Two pediatric patients, aged 3 years (Case 1) and 5 years (Case 2), presented for surgical repair of heterotaxy with abnormal venous anatomy. The pre-operative anatomy of each case is presented in Table 1 and Figures 1a, 2A. Both cases had dextroposition of the cardiac apex, venous anatomy consisting of an interrupted IVC with azygous continuation to a single SVC that drained into the atrium connected to the morphologic left ventricle, hepatic venous drainage on the same side as the SVC, ipsilateral pulmonary venous drainage, a common atrium, a cleft mitral valve, and ventriculo-arterial concordance. Both patients had baseline 02 saturations of 80%–90%. Each patient underwent cardiopulmonary bypass for atrial baffling to create a physiologic repair with the systemic morphologic left ventricle.
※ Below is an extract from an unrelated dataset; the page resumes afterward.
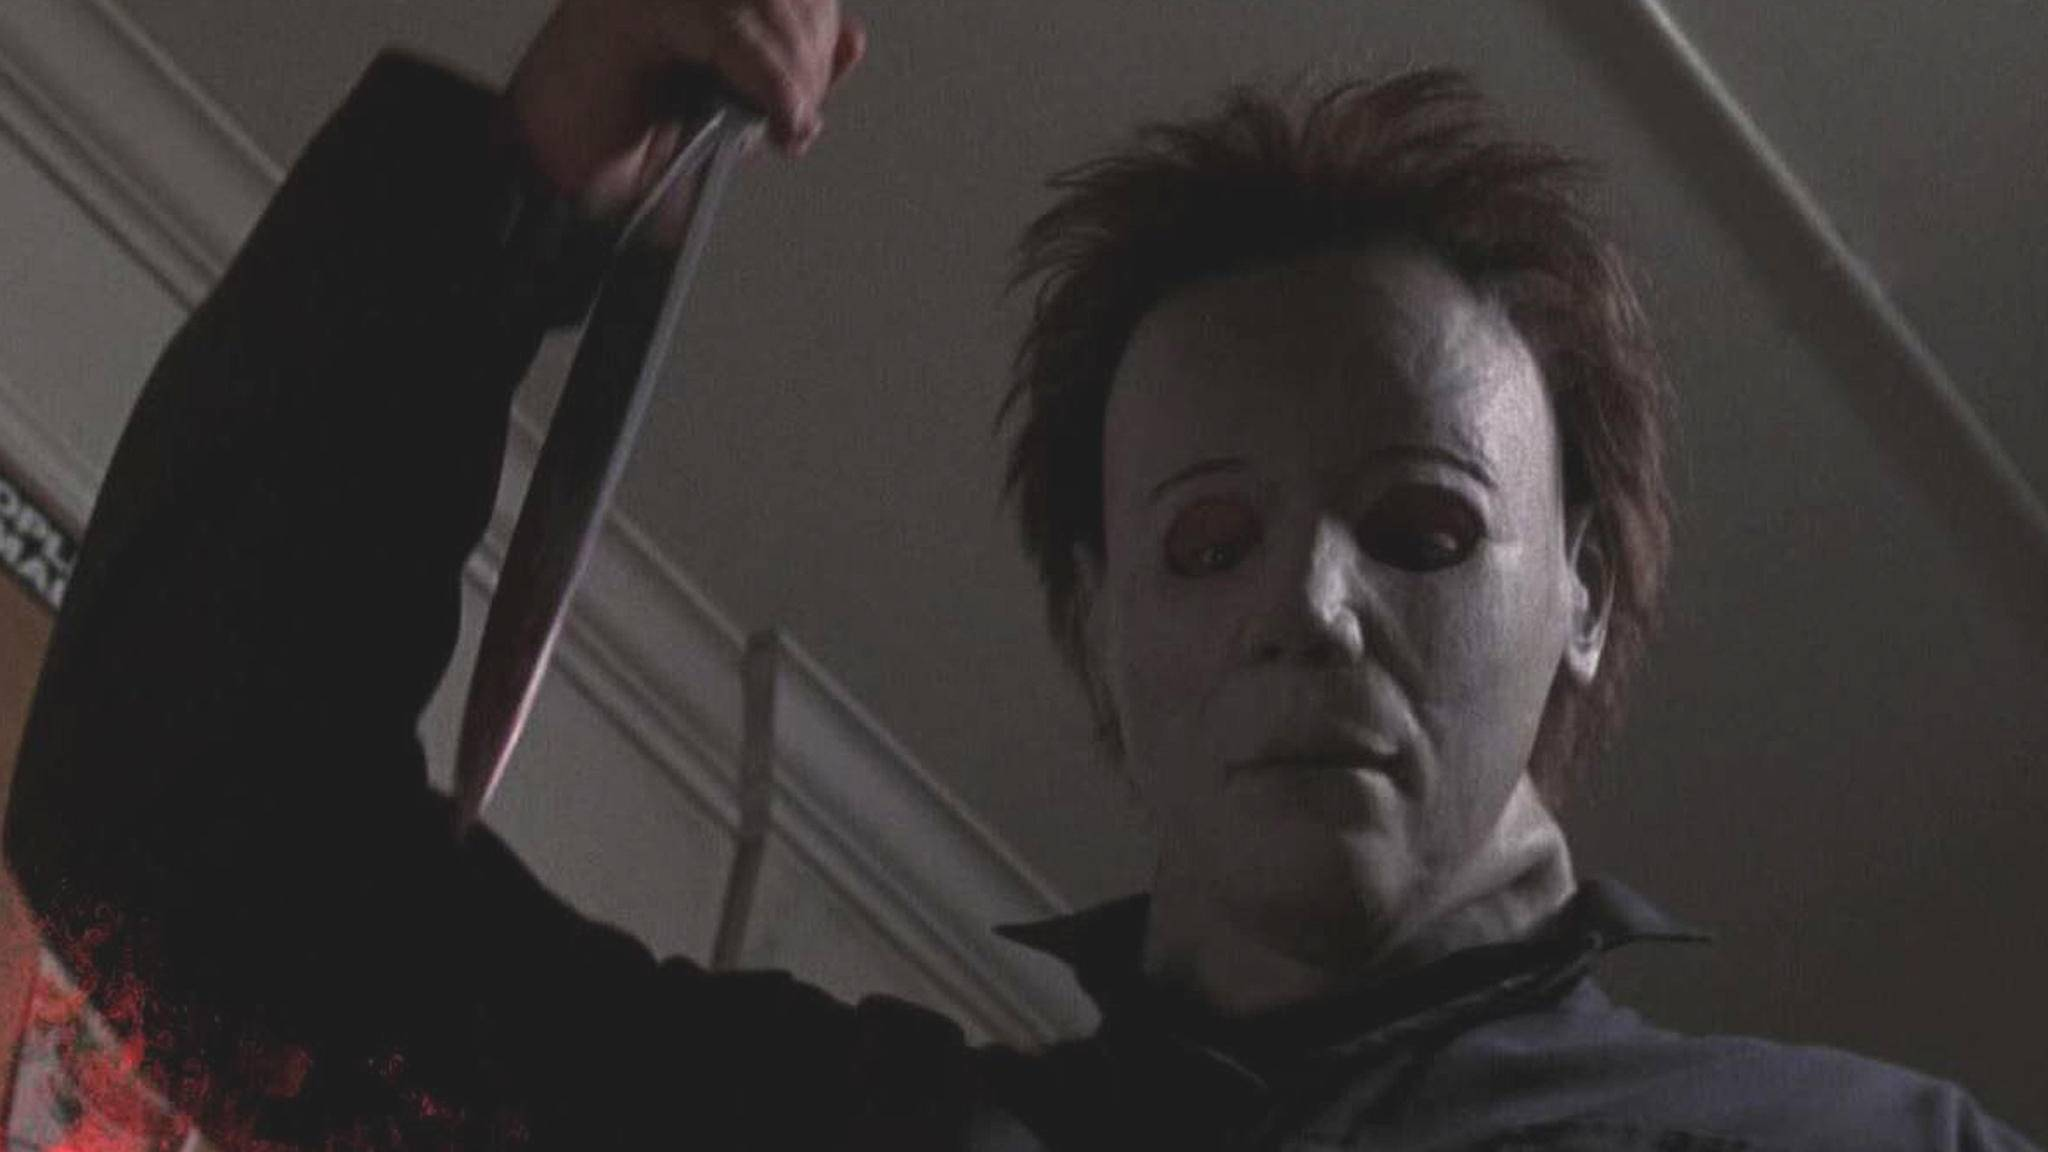 Guess who's back? Halloween 2018 wird wieder mörderisch.

Both had a repair of an isolated mitral valve cleft.

Table 1
www.frontiersin.org

Table 1. Patient anatomy (Case 1, 3-year-old boy; Case 2, 5-year-old girl).

Figure 1
www.frontiersin.org

Figure 1. 3D renderings derived from MRI in Case 1. (a) Pre-operative anatomy views shown from left to right: anterior, posterior, and anterior slice through the atria. (b) Post-operative anatomy. Systemic veins are colored blue and pulmonary veins are red. Az, azygous vein; LV, left ventricle; LPV, left pulmonary veins; RPV, right pulmonary veins; RV, right ventricle; SVC, superior vena cava.

Figure 2
www.frontiersin.org

Figure 2. Post-operative anatomy in Case 1 with atrial baffle patch. Three-dimensional segmented blood pools of systemic (blue) and pulmonary (red) anatomy, with the surgical atrial baffle in yellow. (A) Right anterior view with partially transparent systemic veins. (B) Left posterior view with partially transparent pulmonary veins, and right-sided atrium. (C) Left anterior superior view.
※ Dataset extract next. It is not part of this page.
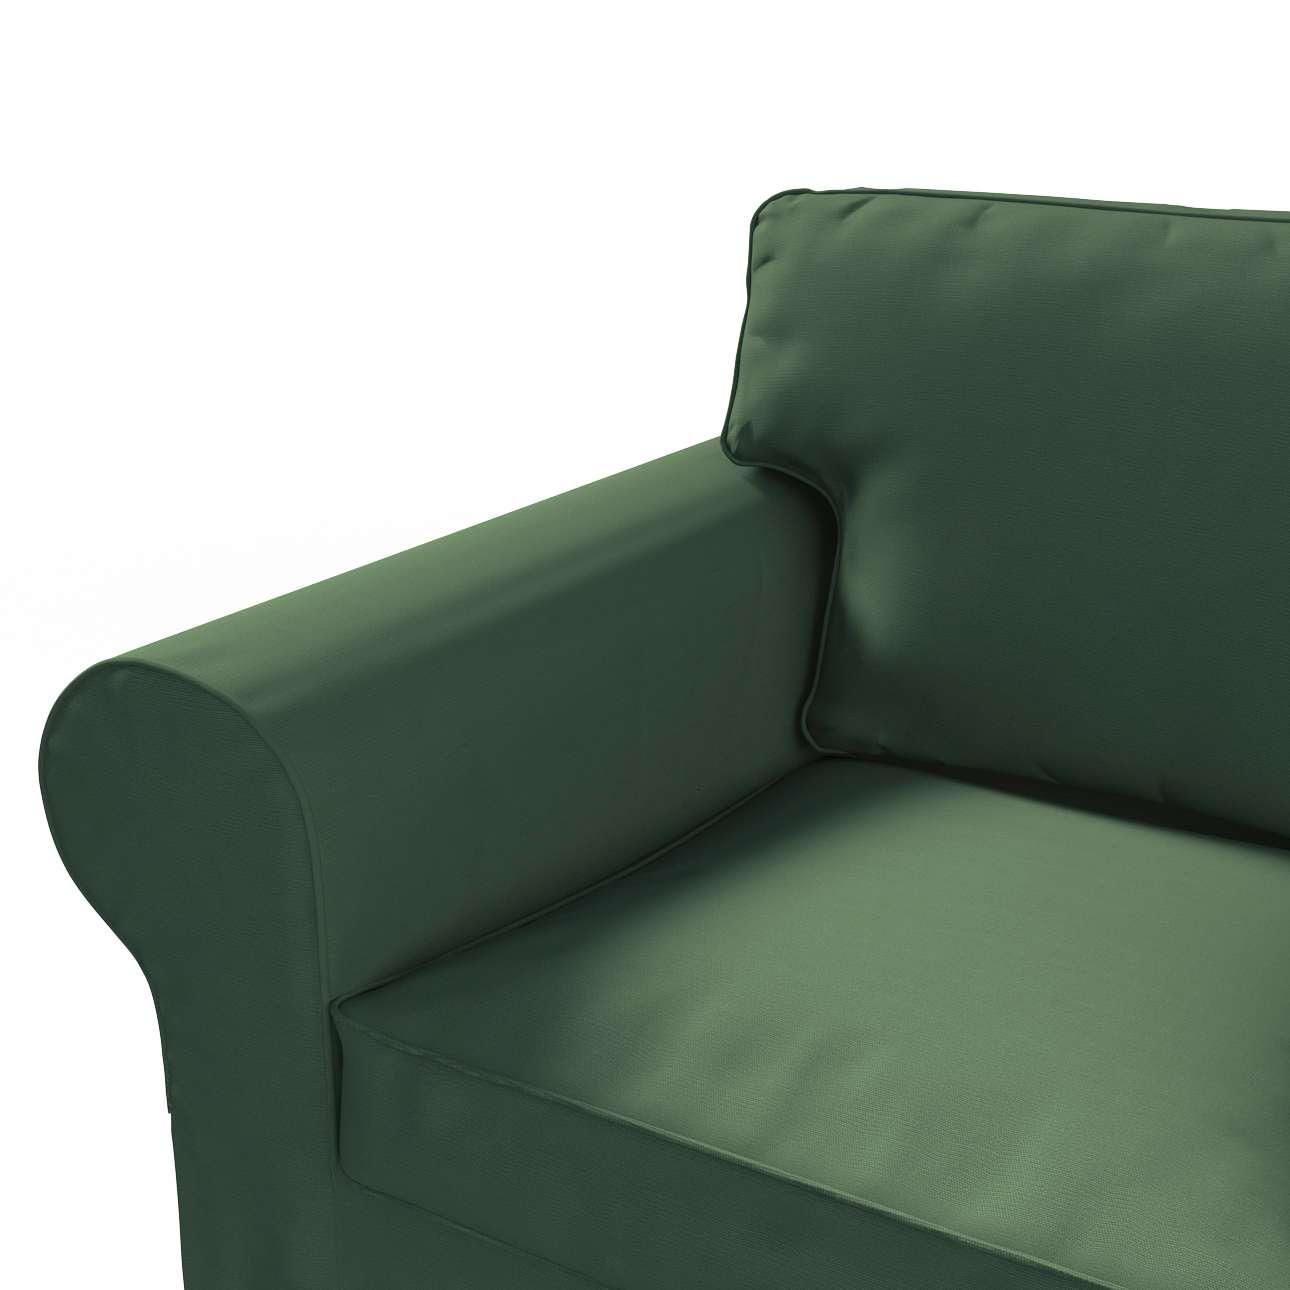 Ektorp 2-Sitzer Schlafsofabezug  ALTES Modell Sofabezug Ektorp 2-Sitzer Schlafsofa altes Modell von der Kollektion Cotton Panama, Stoff: 702-06

Case 1 had cardiac segments {A,L,I}. At surgery, an autologous pericardium was used. To avoid the conduction system in Case 1, care was taken to sew the patch to the left of its expected location in the region of the atrioventricular (AV) valves.
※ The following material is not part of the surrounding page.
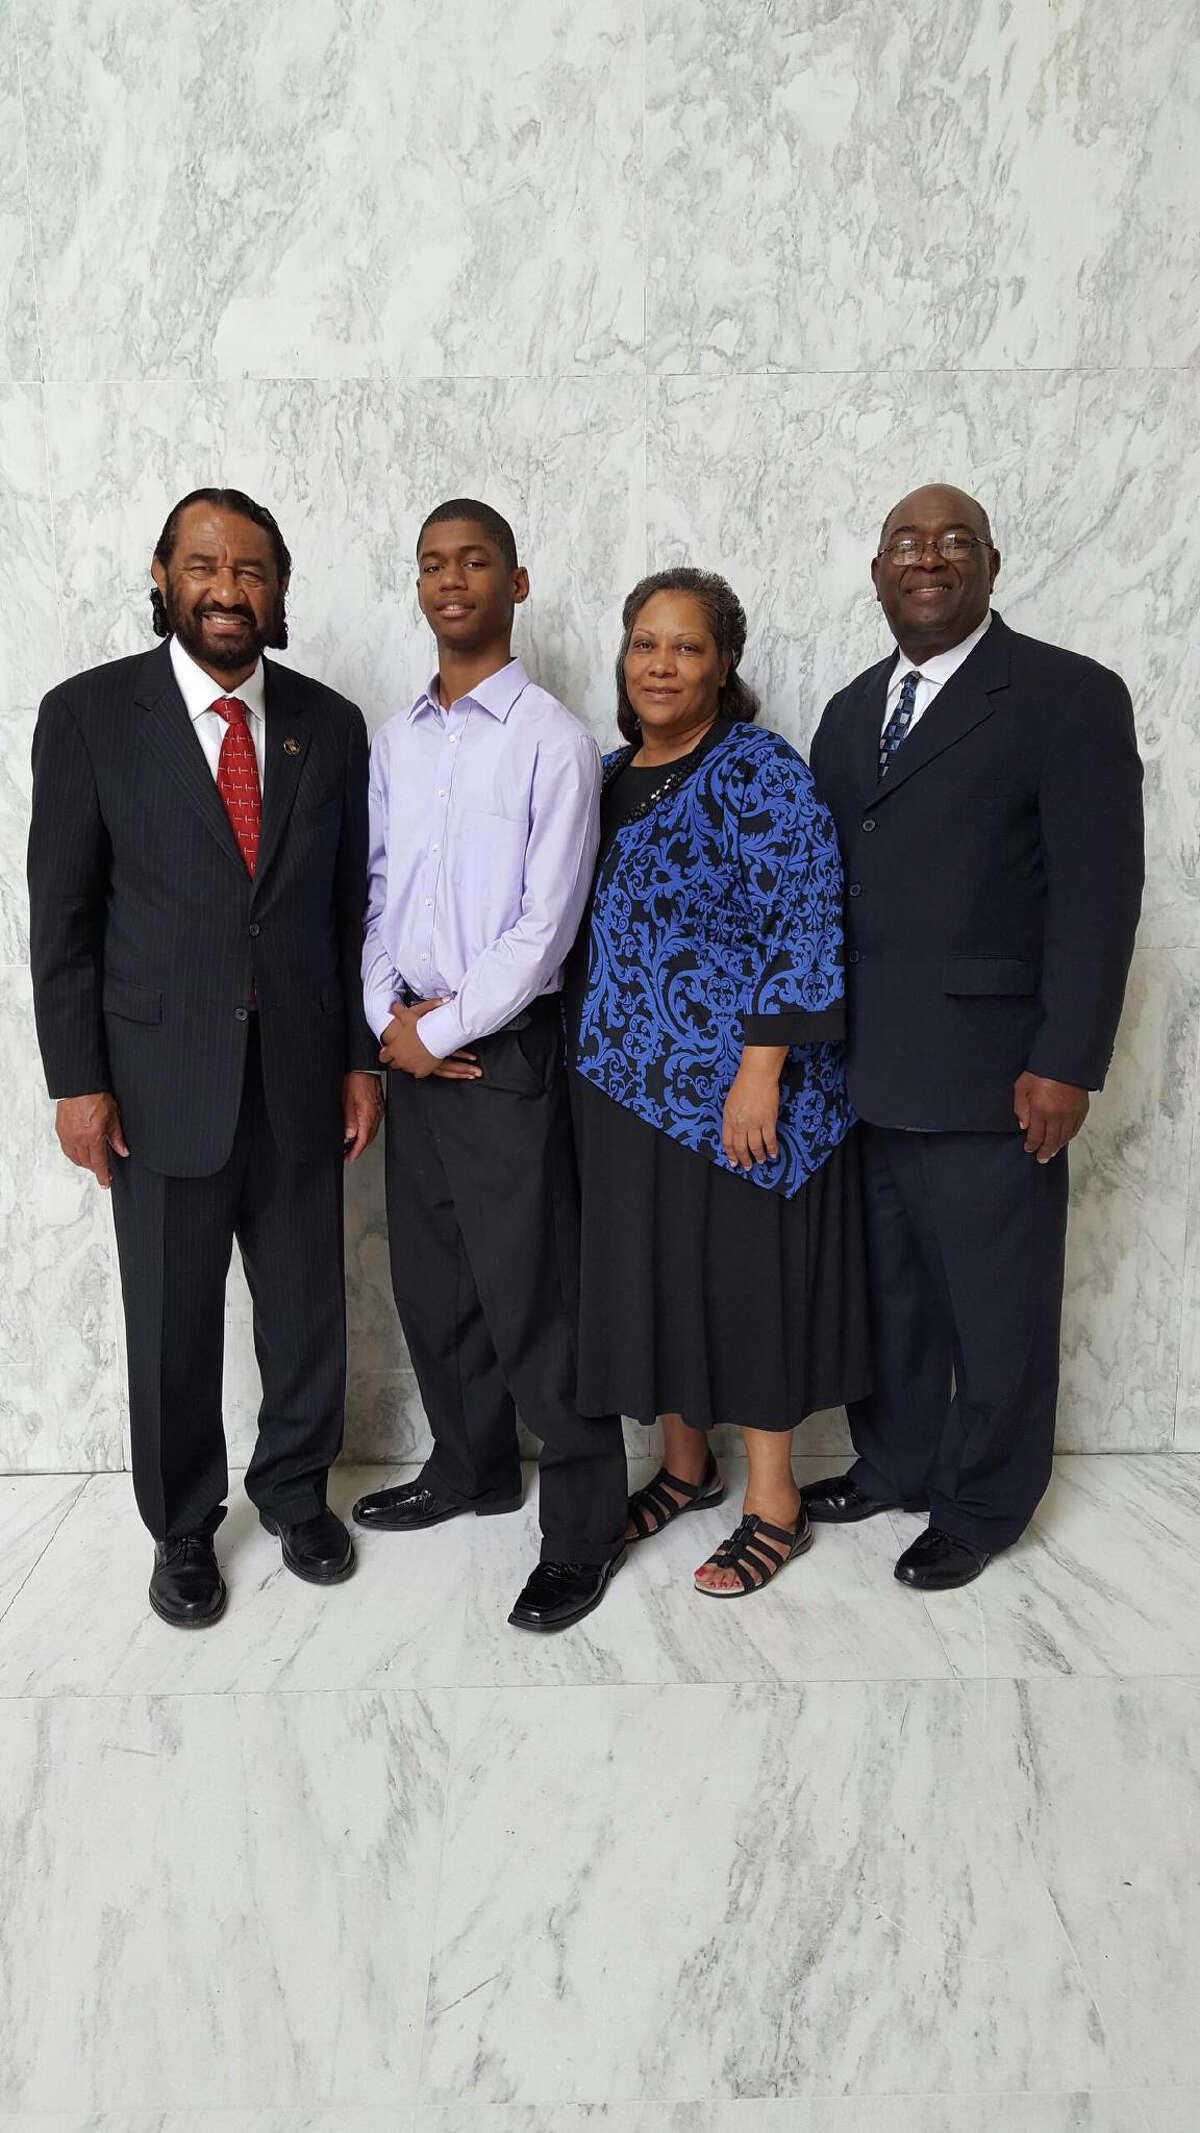 Congressman Al Green, Juqua Gamble, Linda Gamble, and Charles Gamble in Washington, DC during the last weekend of June 2016.

Post-operative transesophageal echocardiography (TEE) demonstrated no baffle obstruction, with a central venous pressure (CVP) of 8 mmHg. The patient was re-admitted 2 weeks post-operatively for left-sided chylothorax, which was treated with drainage and sclerotherapy. There were post-operative arrhythmias or heart blocks. Figure 1 shows the blood pool segmentations derived from the pre- and post-operative imaging. 3D segmentation of the atrial baffle patch separating the pulmonary and systemic venous flows is shown in Figure 2 and Supplementary Video S1.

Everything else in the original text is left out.